------ Provided data

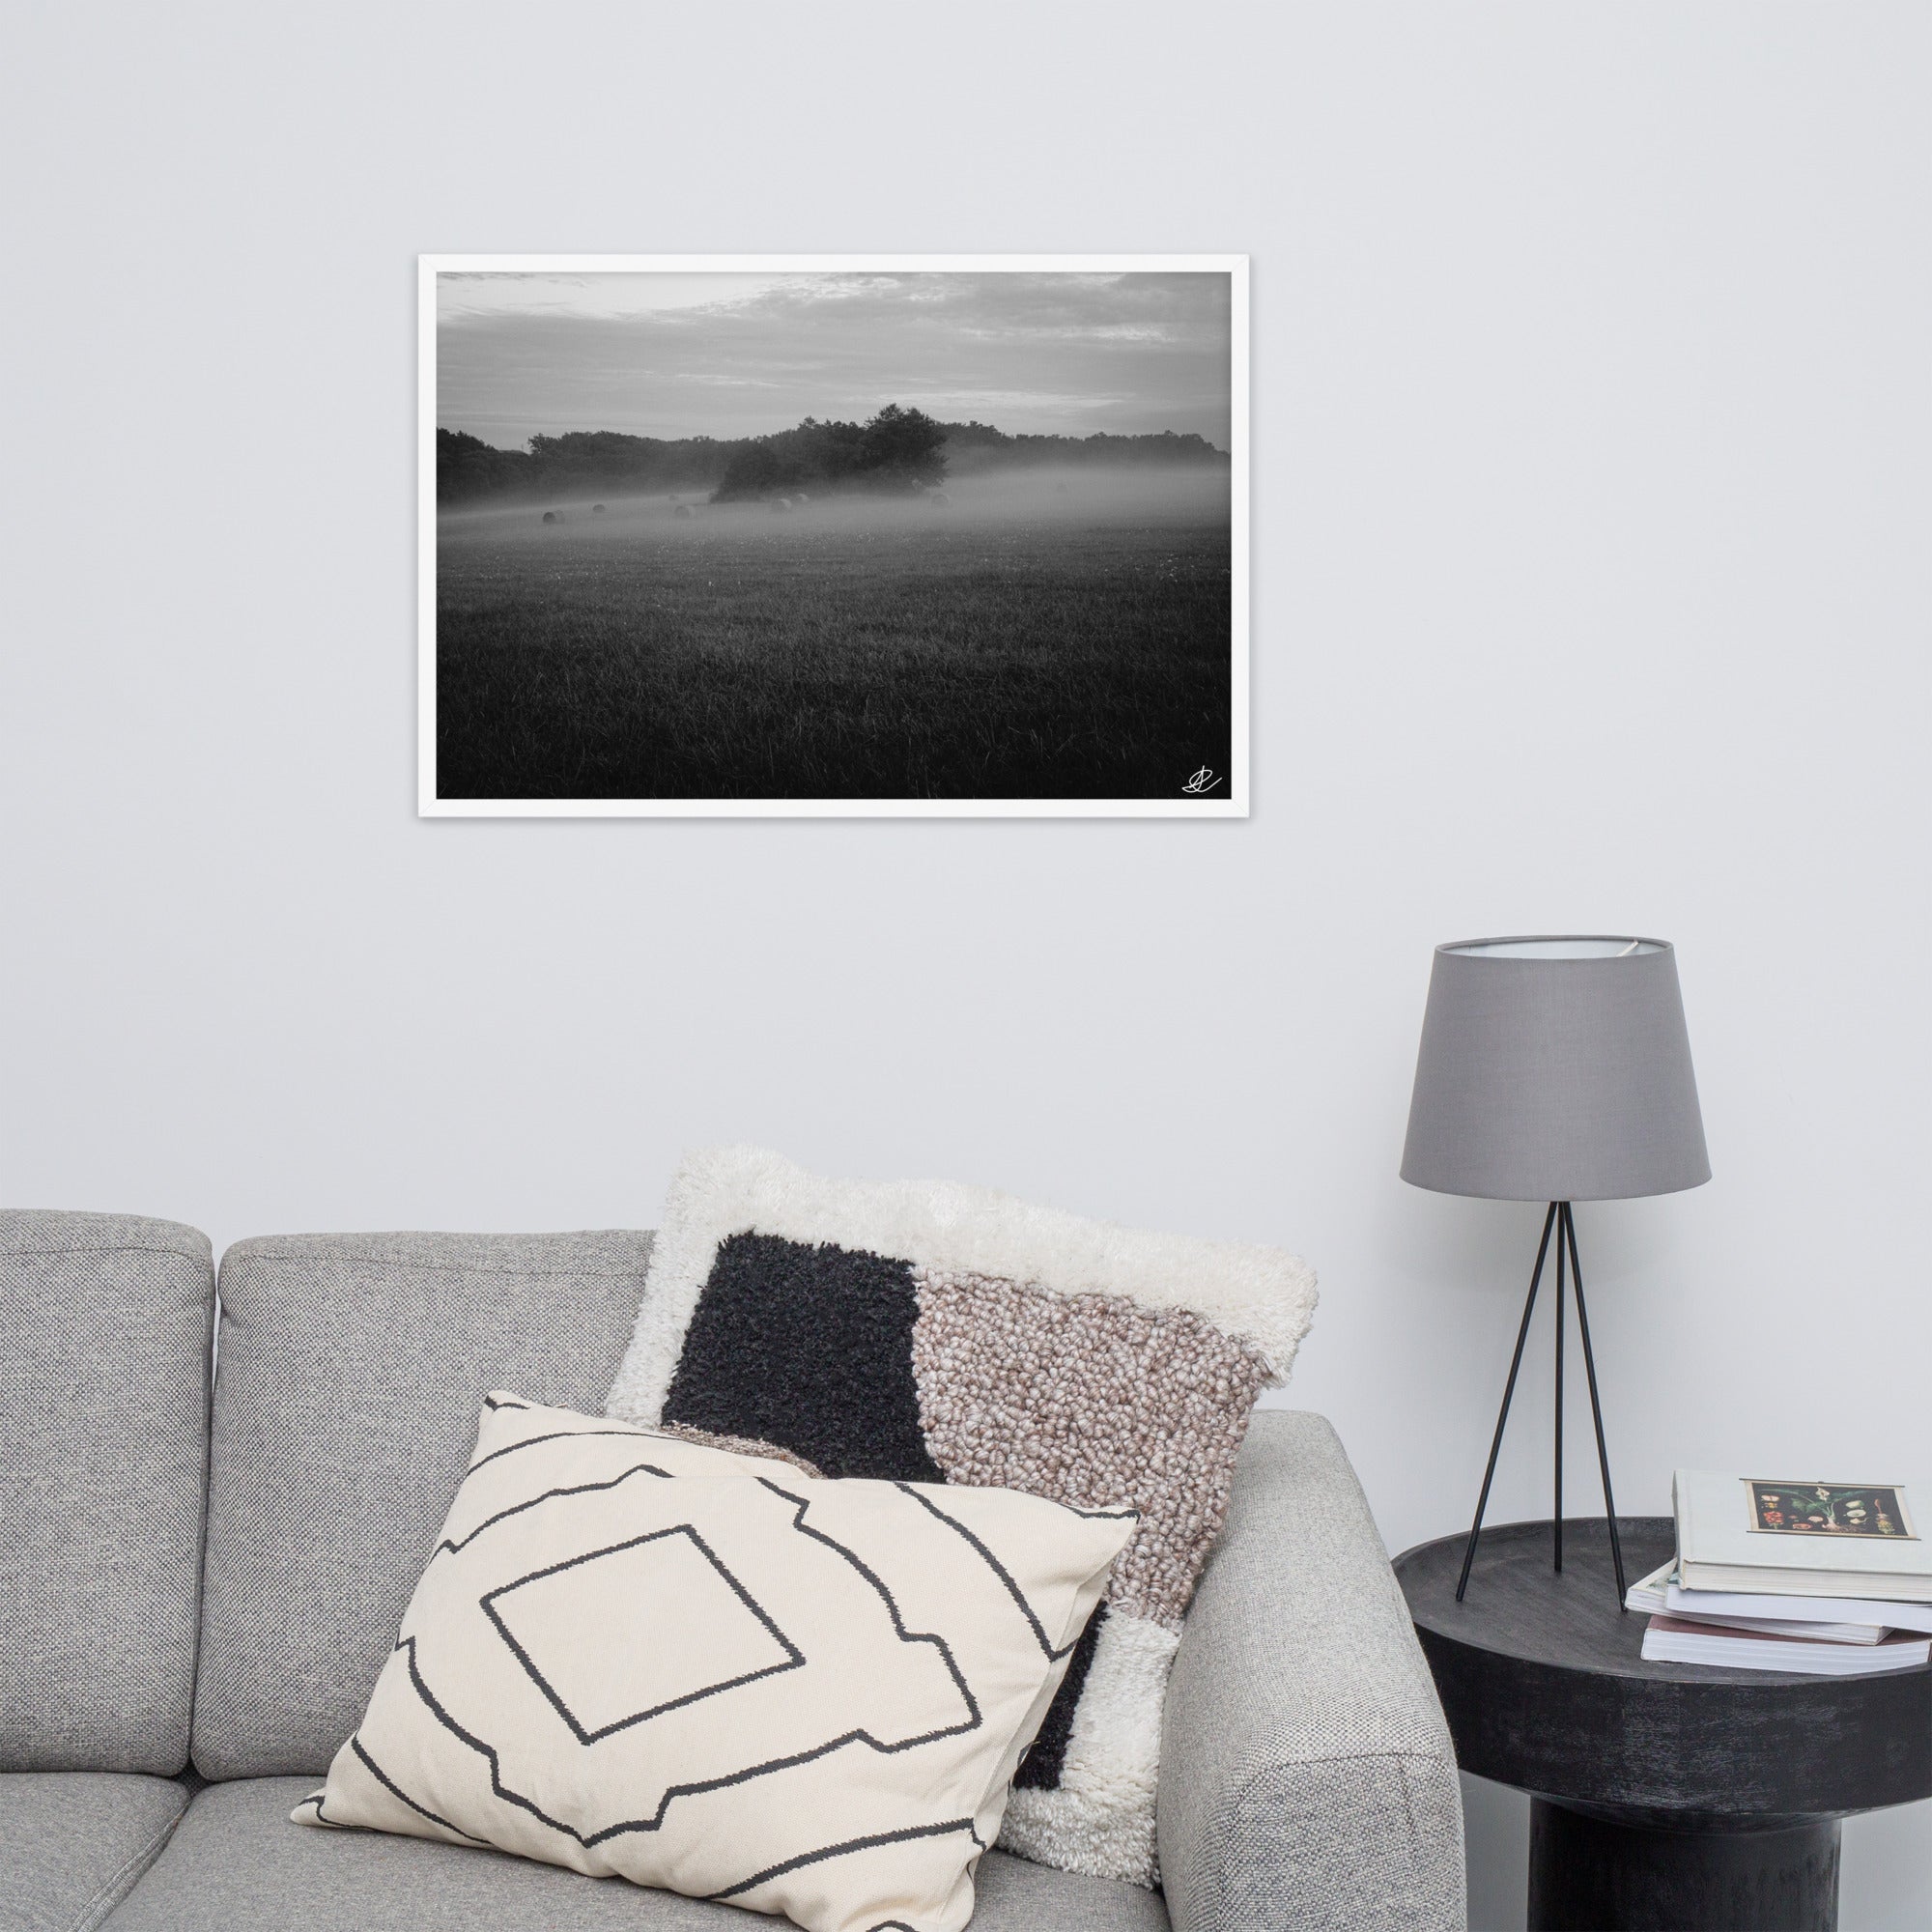 Photographie noir et blanc 'Brouillard' par Ilan Shoham, mettant en scène un paisible champ tourangeau où des ballots de paille émergent majestueusement du brouillard, incarnant la sérénité et la beauté mystique de la campagne française.
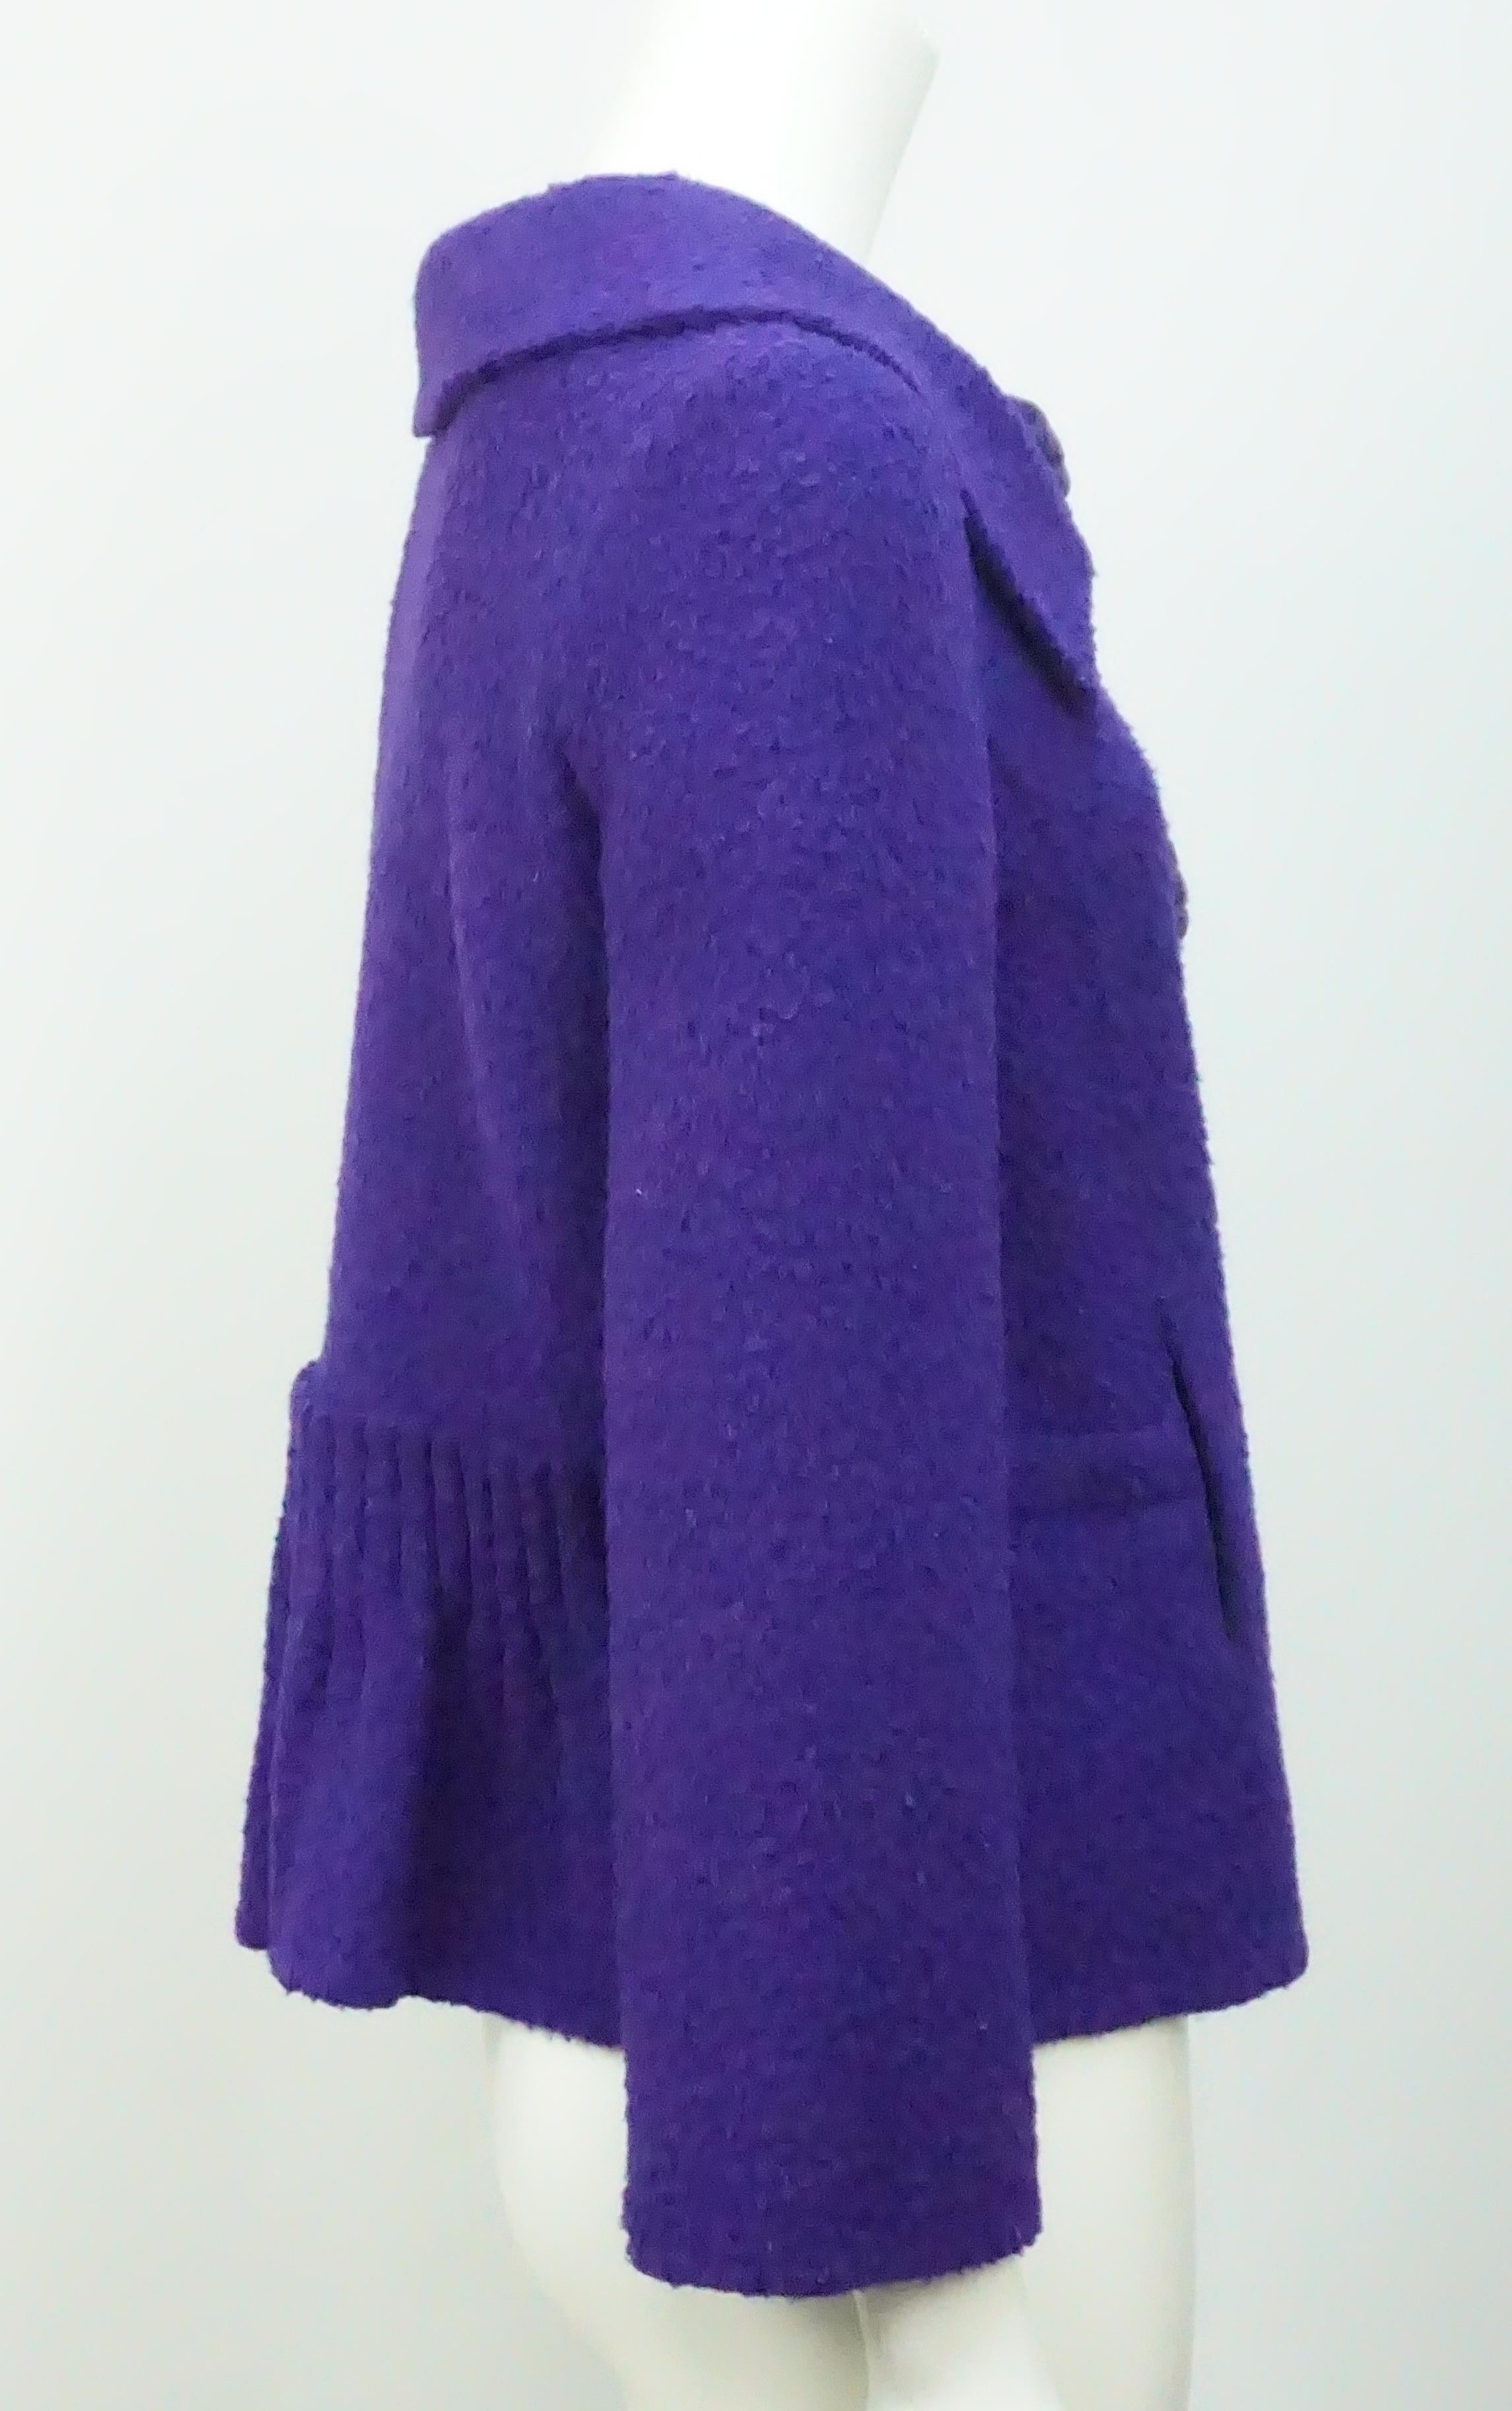 Veste en alpaga violet Oscar de la Renta avec boutons floraux-8. Cette magnifique veste est d'un violet profond composé de laine et d'alpaga. Elle est en excellent état. La veste a trois grands boutons avec des appliques florales. Il a été publié à
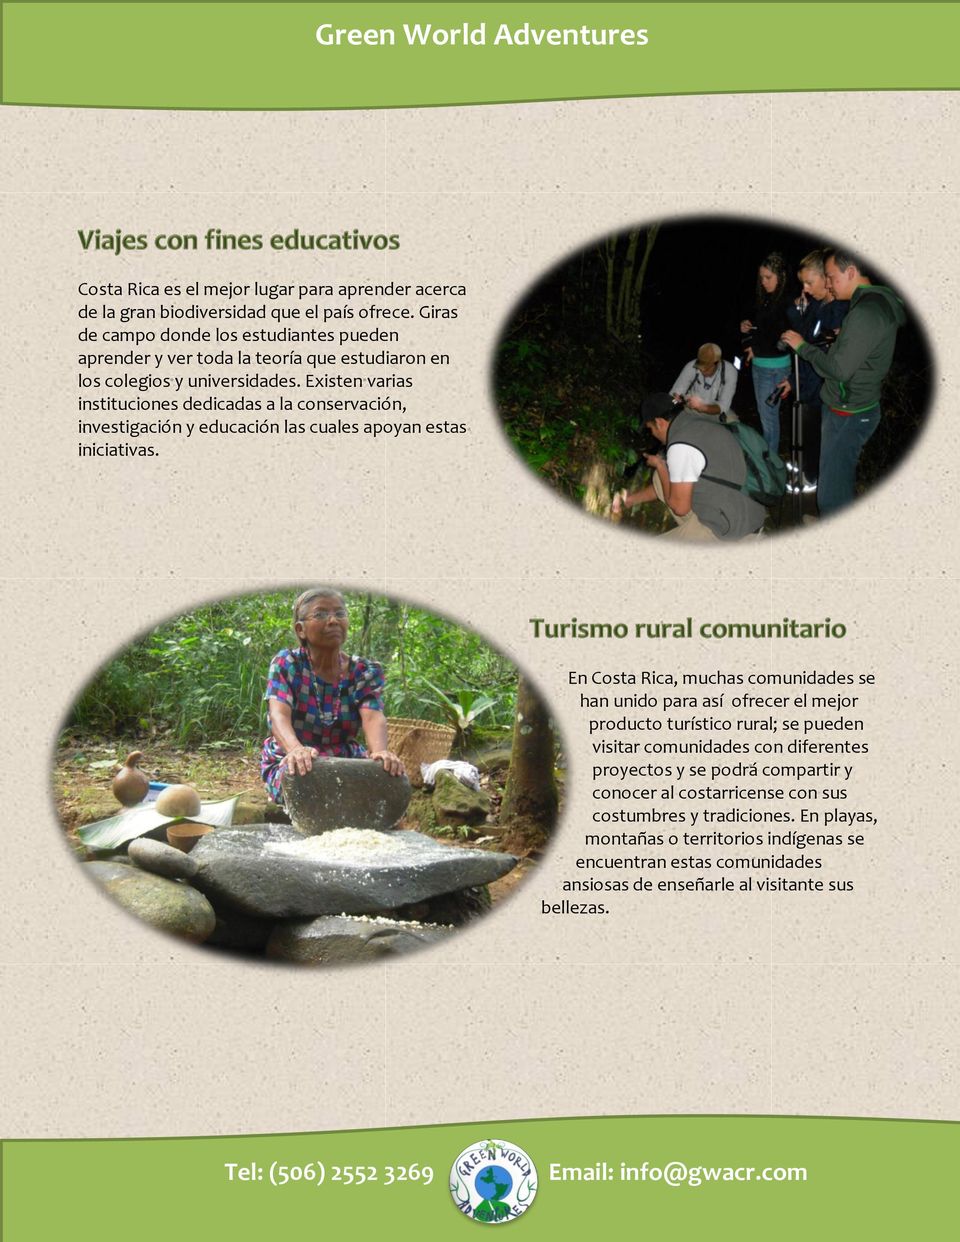 Existen varias instituciones dedicadas a la conservación, investigación y educación las cuales apoyan estas iniciativas.

------------

» Work to be completed:
Take the preceding listing and transcribe it exactly, skipping the pictures.

» Response to the exercise:
 Photographie noir et blanc 'Brouillard' par Ilan Shoham, mettant en scène un paisible champ tourangeau où des ballots de paille émergent majestueusement du brouillard, incarnant la sérénité et la beauté mystique de la campagne française.
 Veste en alpaga violet Oscar de la Renta avec boutons floraux-8. Cette magnifique veste est d'un violet profond composé de laine et d'alpaga. Elle est en excellent état. La veste a trois grands boutons avec des appliques florales. Il a été publié à
 Existen varias instituciones dedicadas a la conservación, investigación y educación las cuales apoyan estas iniciativas.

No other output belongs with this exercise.